The current comments on social media seem to define “ghost job” as any job for which a candidate never received a response.

It must have been a fake-out posted by a company; the job never existed and the company never planned to hire anyone because otherwise I would have gotten an interview.

Many stressed job seekers think that they have been perfectly qualified for at least some of the jobs they have applied to, so they deserve some kind of response.

I didn’t receive any response—even a generic “Thanks for applying” email—so the job must have been a fake-out, and how rude is that?! Hiring is broken everywhere!

Companies do post so-called ghost jobs. They exist. There are three hiring scenarios that can be considered ghost jobs:

  1. Company conducts a candidate pool test to see who is out there.

  2. Company is hiring internally but posts the job anyway as a back-up.

  3. Company is looking for a cash infusion or has potential investors and wants to show they are strong in the market and actively hiring.

If you apply to one of these, you probably won’t hear back. You had no way of knowing. That is just reality.

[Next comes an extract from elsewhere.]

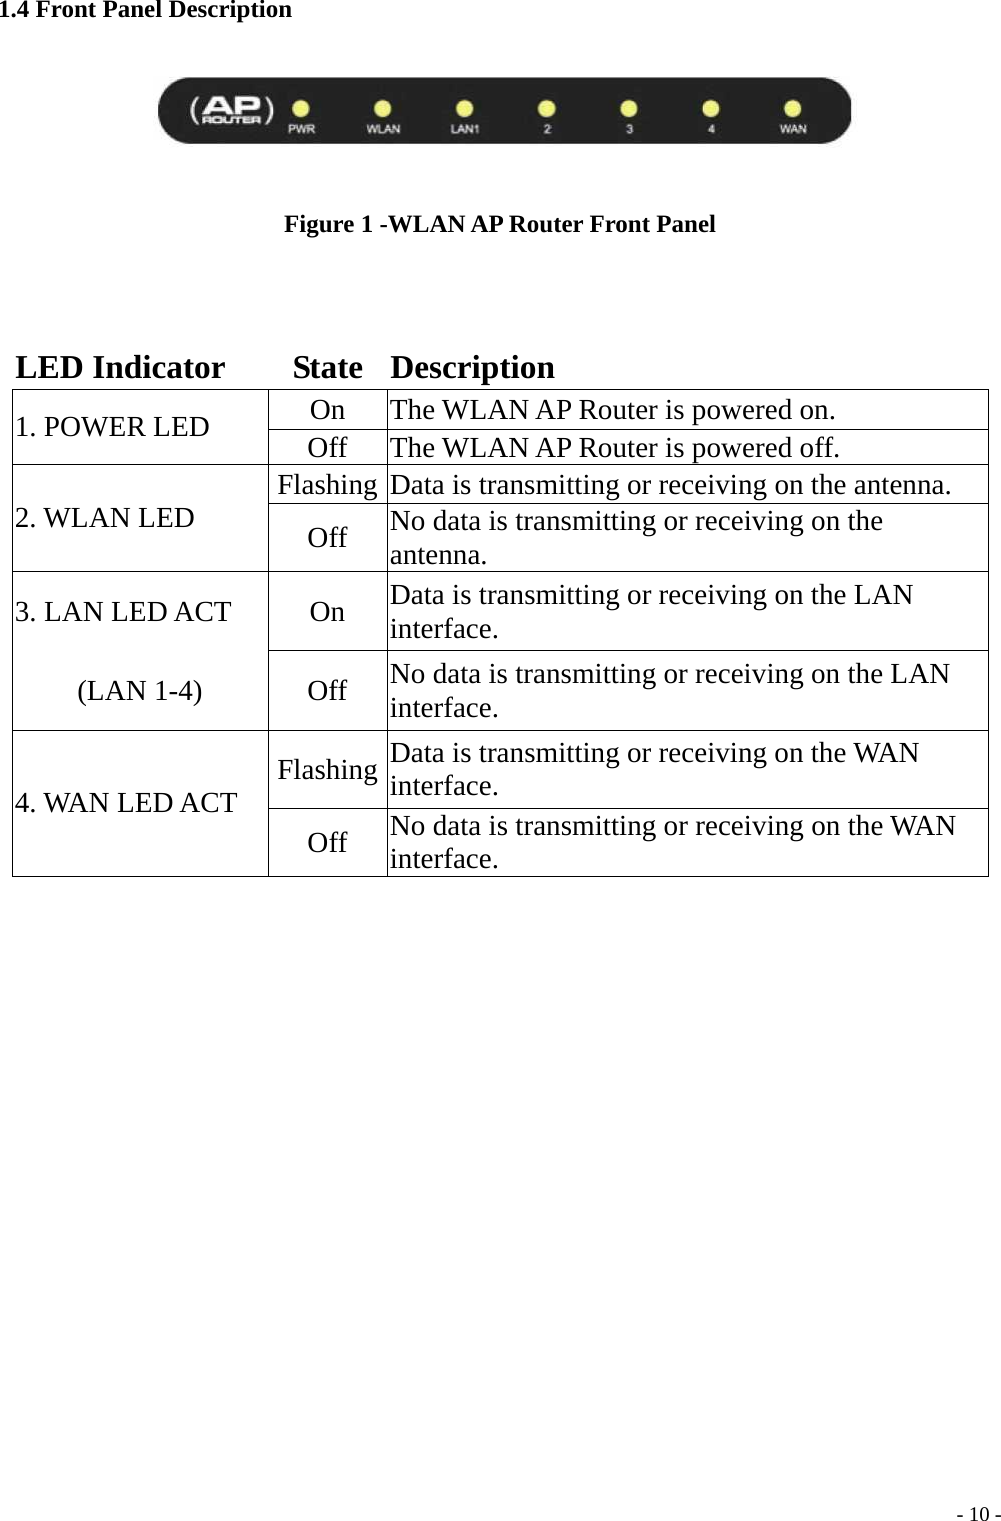 1.4 Front Panel Description  Figure 1 -WLAN AP Router Front Panel   LED Indicator  State  Description On  The WLAN AP Router is powered on. 1. POWER LED  Off  The WLAN AP Router is powered off. Flashing  Data is transmitting or receiving on the antenna. 2. WLAN LED  Off   No data is transmitting or receiving on the antenna. 3. LAN LED ACT  On  Data is transmitting or receiving on the LAN interface. (LAN 1-4)  Off    No data is transmitting or receiving on the LAN interface. Flashing Data is transmitting or receiving on the WAN interface. 4. WAN LED ACT Off   No data is transmitting or receiving on the WAN interface.   - 10 -
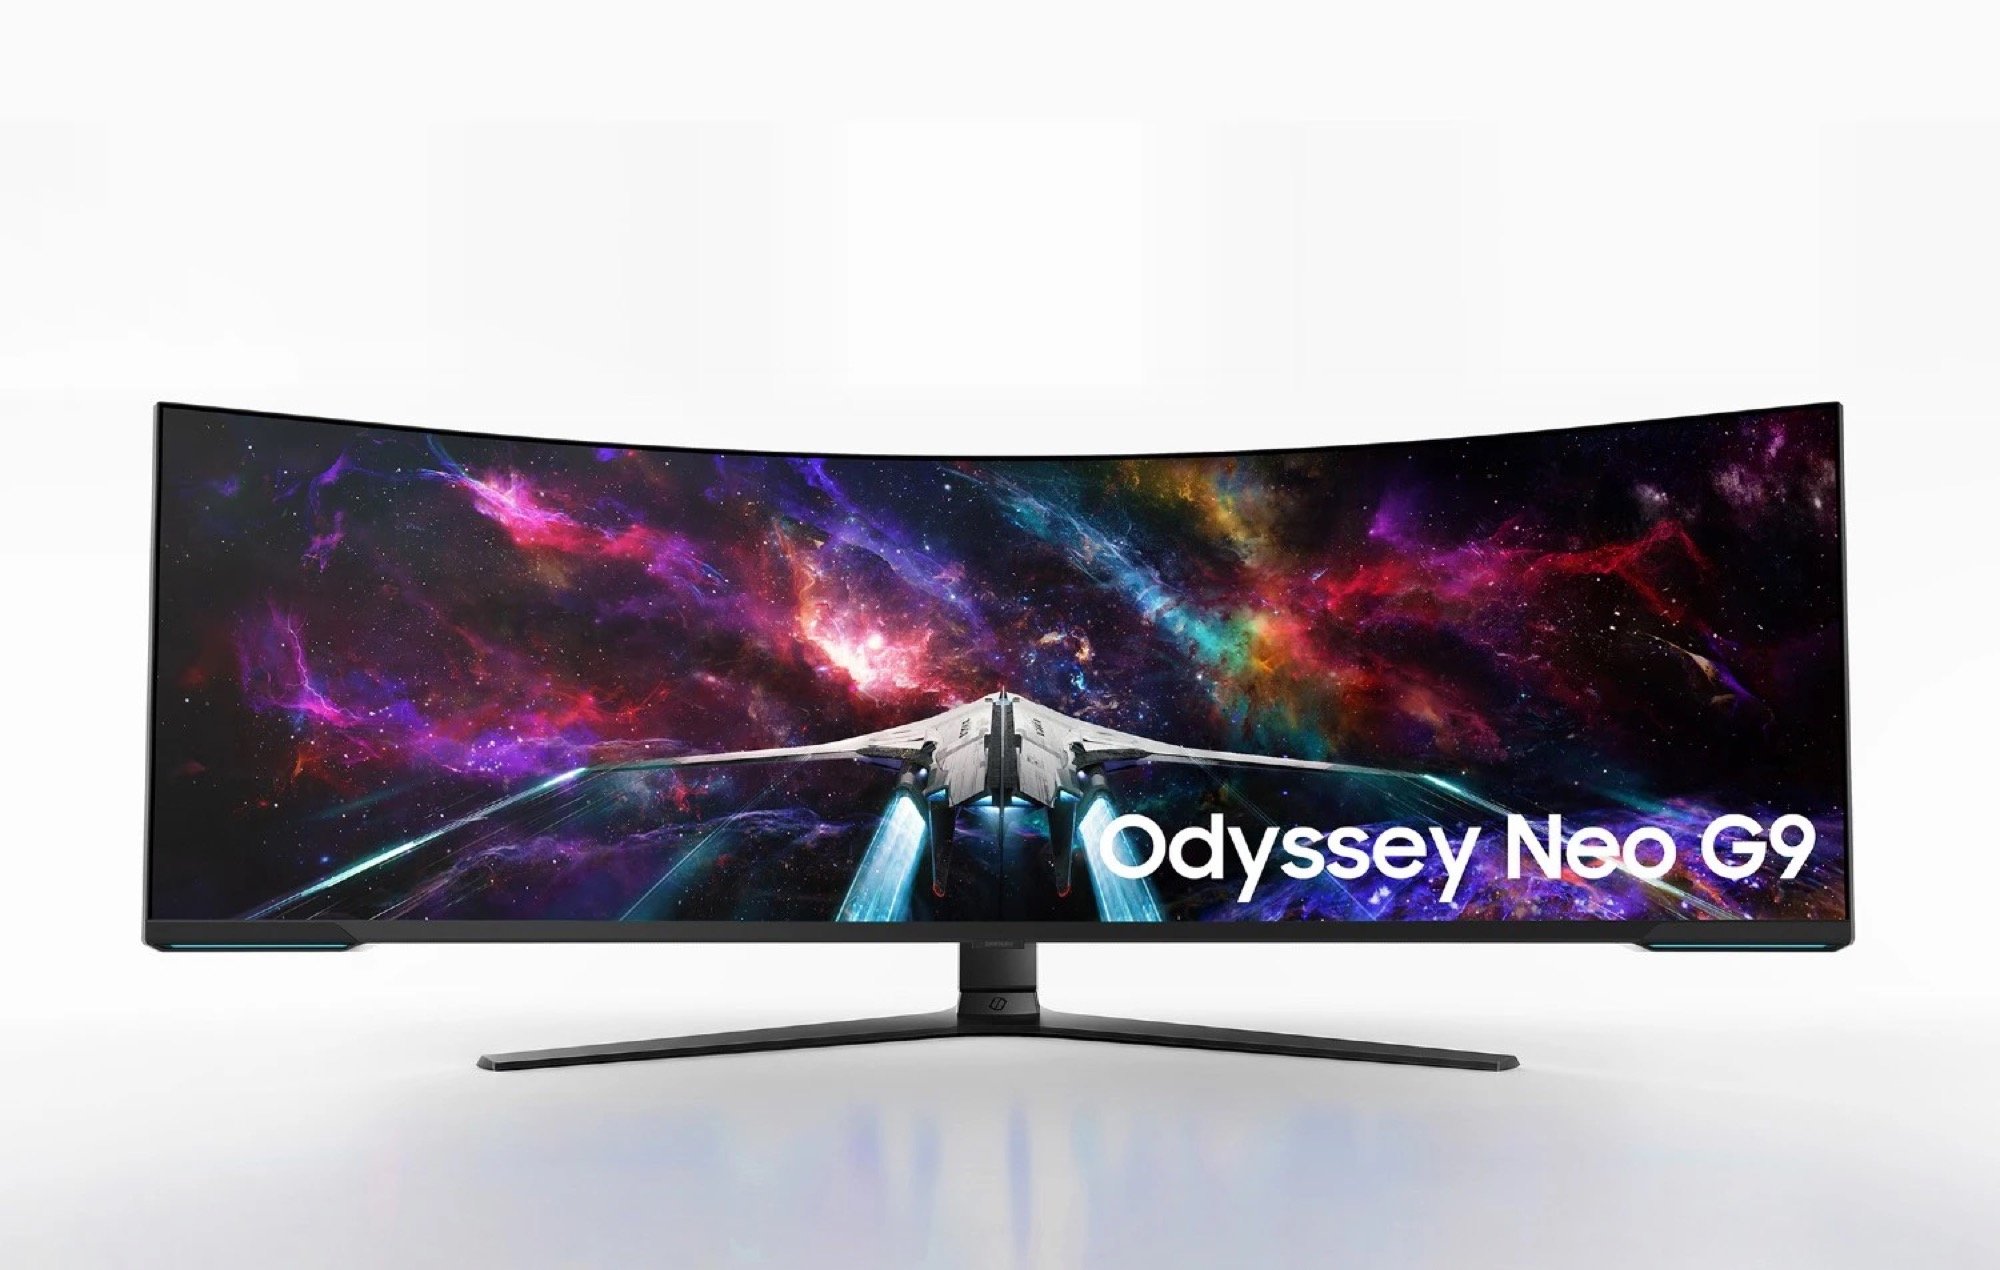 Samsung lance l'Odyssey Neo G8, le premier écran gamer 4K 240 Hz

Here are job post scenarios that social media is labeling ghost jobs that are not ghost jobs at all:

Reposted jobs or jobs open for months
The hiring team cut off applications after a certain number due to high volume, but the best person for the job was not in that first round. Or the team / department / division was restructured and the job description has changed. Again. In this case, posting is a lather-rinse-repeat scenario.

Keeping the queue active
Some companies wait to close the job posting until after the new hire starts, due to fear of no-calls and no-show hires. Or a new hire didn't work out after 30, 60, or 90 days. I worked on hiring for a law firm at which the CEO wanted me to keep all applicants active all the time because he was so nervous that new hires wouldn’t last 90 days.

Specialty role
The job posting stays up for a long time because thousands of people may be applying, but nobody is a specialist in one piece of software or one niche role. One recruiter colleague had interviewed hundreds of people, none of whom had the expertise in one piece of special software that the company needed, and they were not willing to train. So the job remained posted.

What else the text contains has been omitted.